Lewis has pulled another classic baby move and changed things up on us just when we got comfortable. This time (like…most times?) it was sleep related.
I have rocked him to sleep his entire life, with very few exceptions. Other than when he was a newborn who fell asleep at the drop of a hat, I have rocked him to sleep at every nap, and every bedtime that I’ve been with him for.
I knew he was capable of putting himself to sleep because his daycare teachers claimed he was one of their “best nappers”, who would just lay down and go to sleep without help. And babysitters/husband also experienced some success when I wasn’t around. But with me? no way. If I was involved in a sleep routine in any capacity, I had to rock him to sleep or endure the consequences.
It was both a special time, and a total time-suck. I had a love-hate relationship with this dynamic, with the “love” part accounting for probably 75% of the feelings.

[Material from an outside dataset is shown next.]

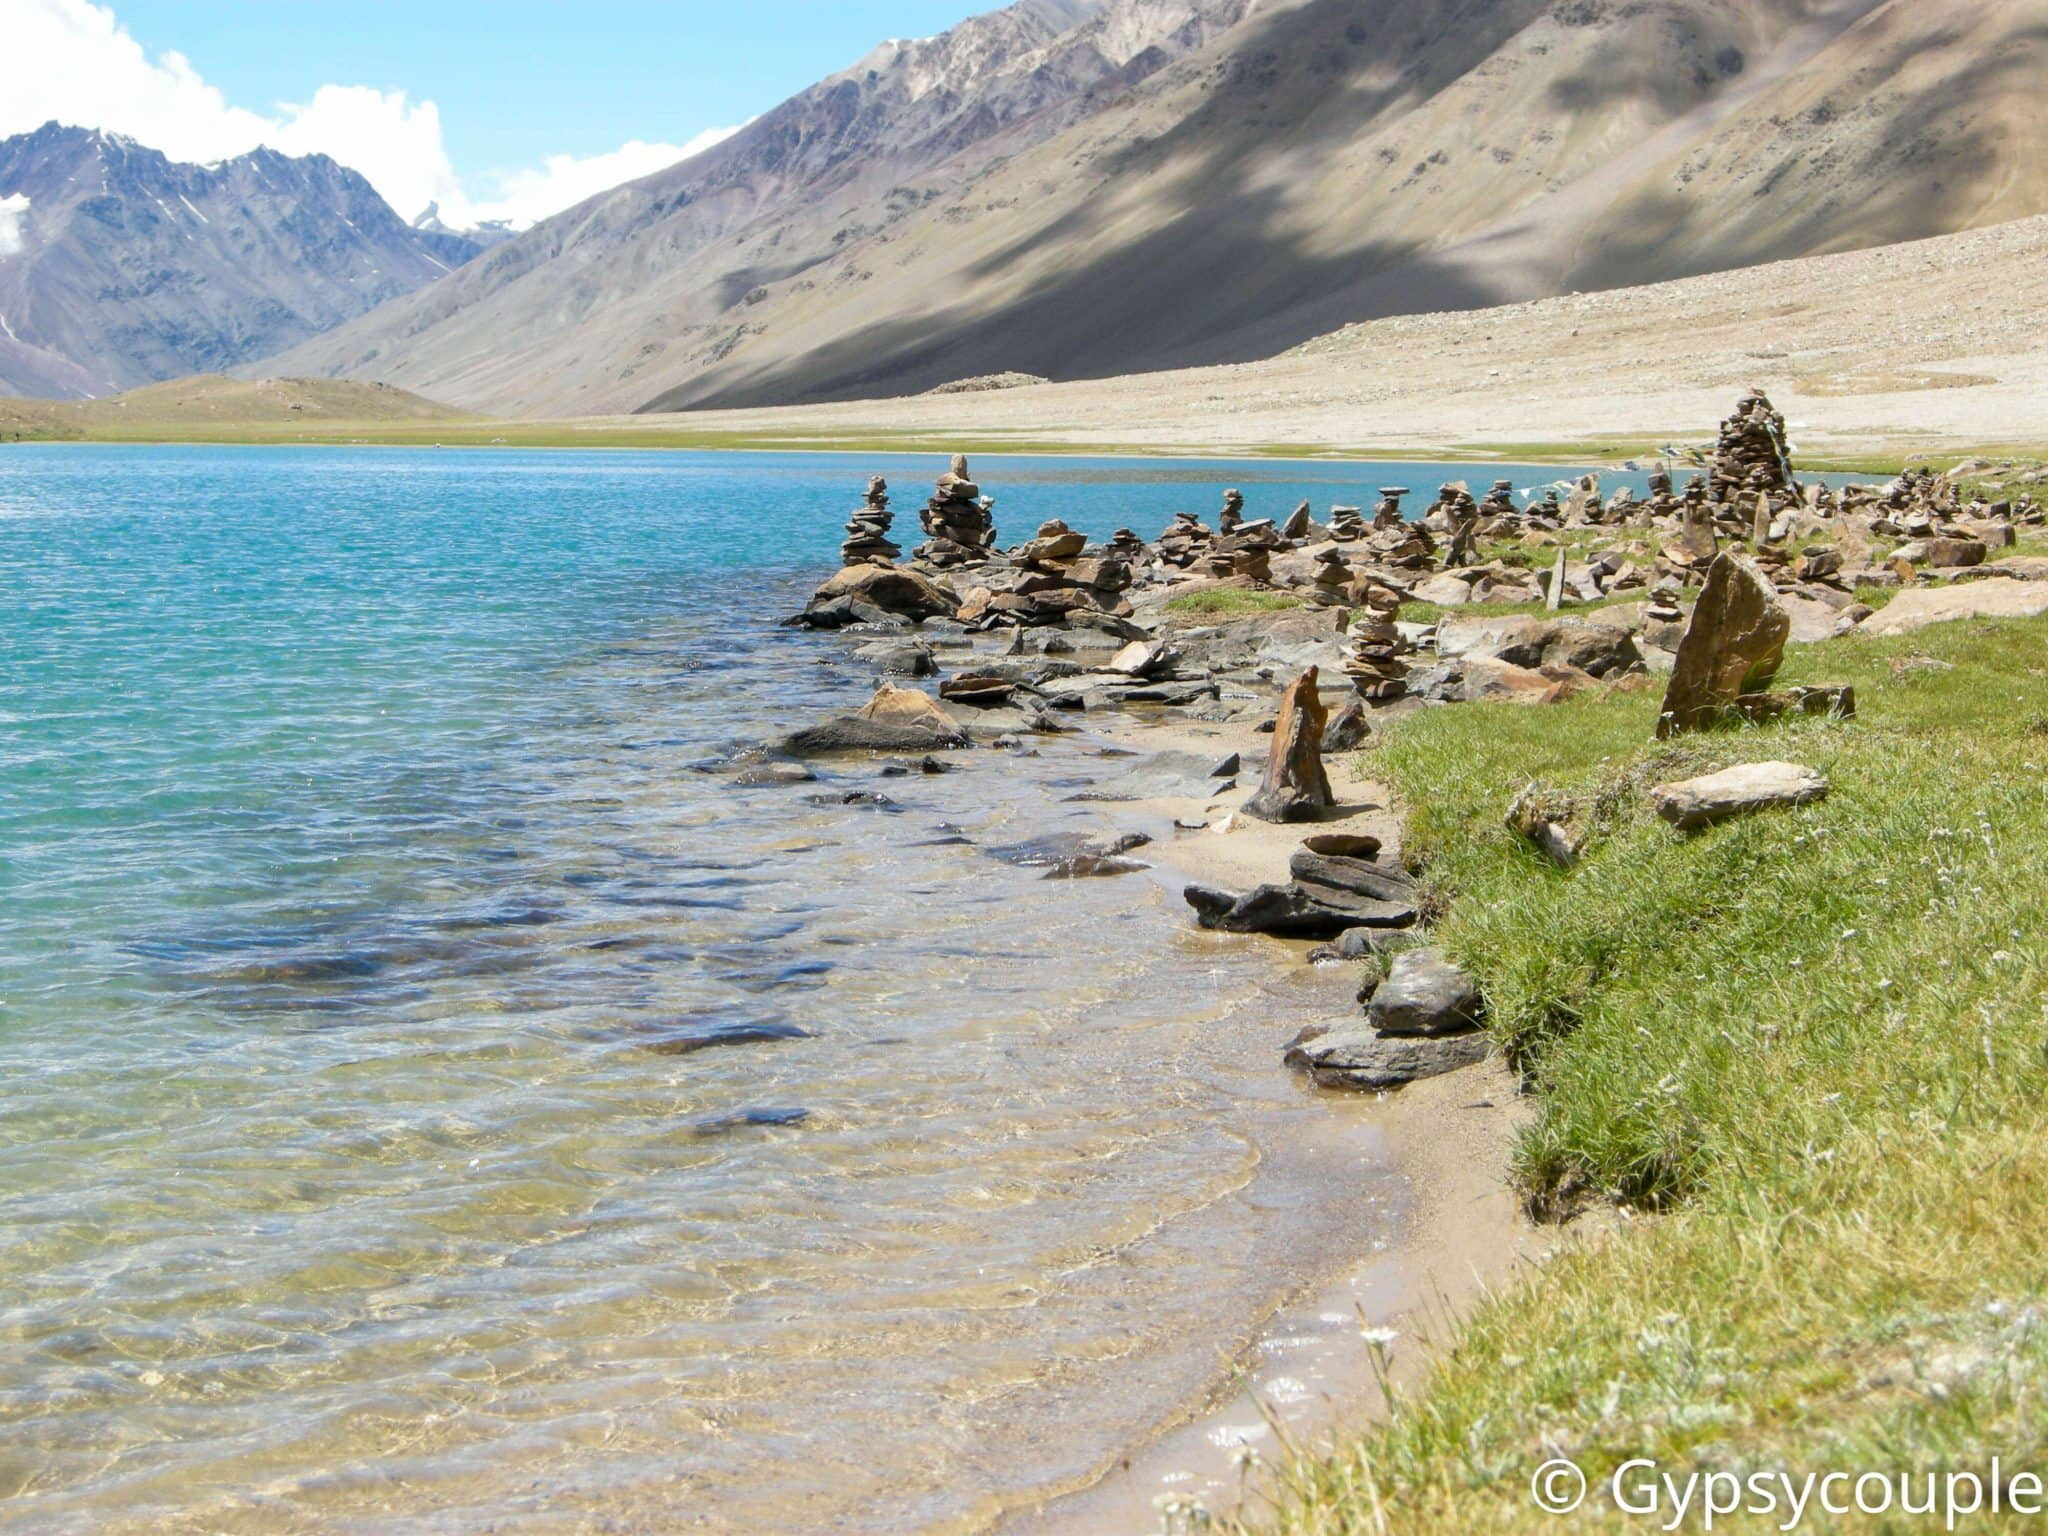 Chandratal Lake - Religious stone pillars

Well… you can probably guess where this is going. A few days ago, the kid lost his mind when I tried to rock him to sleep. I don’t know how to communicate to you what it was like. Maybe telling you that I considered calling 911 because I thought he was in pain and dying (appendix exploding? internal bleeding? heart attack? brain hemorrhage?) will paint a strong enough picture for you.

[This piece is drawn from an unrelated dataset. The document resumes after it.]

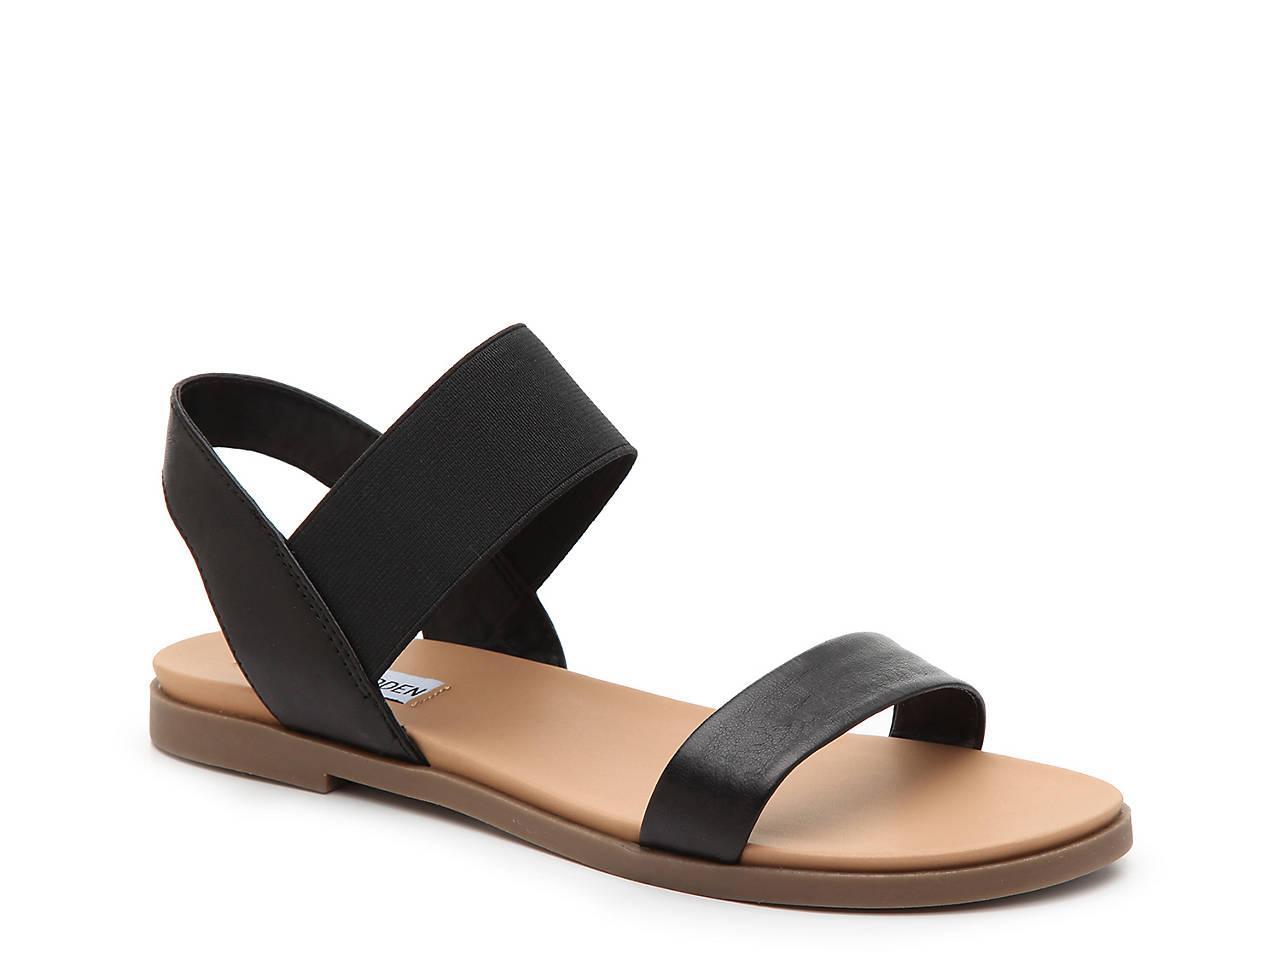 1de78996747 Steve Madden Darnell Flat Sandal Women s Shoes

He didn’t die. As a matter of fact, he wasn’t even injured. Not that first time, and not the 6 times after that.
He didn’t want me to rock him, but he also didn’t want to be in his bed. When I held him, he screamed, “BEEEEEDDDDDDDD”. When I put him in his bed, he just screamed. There was no solution other than to walk away (and cry. So much crying).
You see, I always rocked him to sleep because the alternative seemed to involve letting him cry. And I am too “soft” to let him scream. Actually, calling myself soft is an insult. I’d prefer to frame it this way: When my baby screams, my instincts to help him are so overpowering that I cannot resist them. Even if he is in someone else’s capable hands, I must step in (poor Kyle). It is a compulsion, and such a deep, primal draw to my baby that there’s no use fighting it.
But starting a few days ago, Lewis gave me no choice, and we’ve survived the screaming a couple nights now. Lewis putting himself to sleep is starting to become a routine, and I can feel it happening. Better yet, Lewis is starting to understand that we understand that this is what he wants, so he doesn’t always scream anymore. We’ve had a couple naptimes, for example, where he has played in his crib happily until falling asleep, without one single tear.
I knew this would come. Sometimes I longed for it. And now that it is here, like with most things in parenthood, I’m torn between two polar extremes – I am thrilled/proud that my baby has matured to the point where he wants this independence, and I am devastated that I’ve lost this magical time together with my baby.
Things ebb and flow, and I’m sure bedtime routines will continue to present new challenges as time goes on. And perhaps we’ll even revert back to some of the old challenges at some point, because kids are crazy like that. But after a few days of madness, I feel like we’re starting to get into a new groove.
What a wild life, full of turmoil and confusion. But wow! do I see the beauty in the chaos. Look at my baby, growing and changing and developing. Just what you want a child to do, even if it is hard for mama and dada.